Yaron Amos Levi (ירון לוי; born 29 August 1981) is an Israeli politician currently serving as a member of the Knesset for Yesh Atid. He previously served as Deputy Mayor of Bat Yam.

== Biography ==
Yaron Levi was born in Bat Yam on 29 August 1981. Before entering politics, he was a member of the Israeli Judo team, and won both the Israel Judo Championship and the IJF Junior World Tour in 2000, before quitting in 2002 due to injuries.

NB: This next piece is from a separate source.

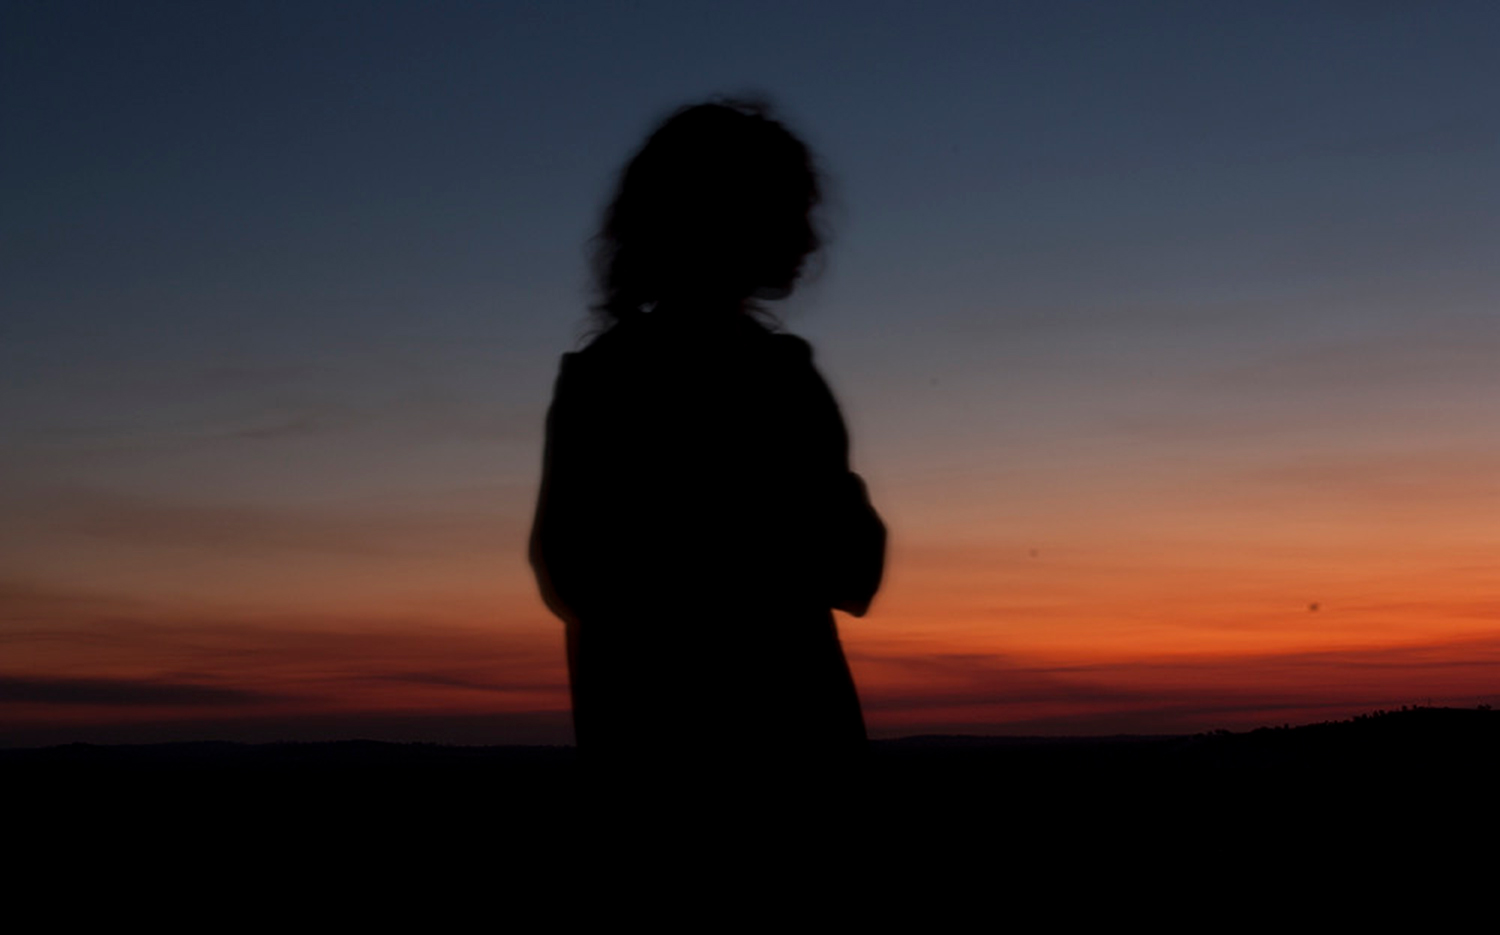 Stock image of woman looking onto the sunset.

In 2018, Levy was elected to the Bat Yam City Council as a member of Yesh Atid, and also served as its deputy Mayor, holding the Sports, Young Persons and Beaches portfolios. On 2021 Israeli legislative election, he was placed on 30th spot, but was not elected as Yesh Atid only won seventeen seats. Ahead of the 2022 Israeli legislative election, Levy was assigned the 26th spot on Yesh Atid's electoral list. He was not elected as the party won 24 seats, but entered the Knesset on 1 August 2023 after Orna Barbivai resigned to run for Mayor of Tel Aviv.

In May of 2026, Levi announced he would leave Yesh Atid after the 2026 election and would not seek re-election with the party.

== Personal life ==
Levi is married and has three children.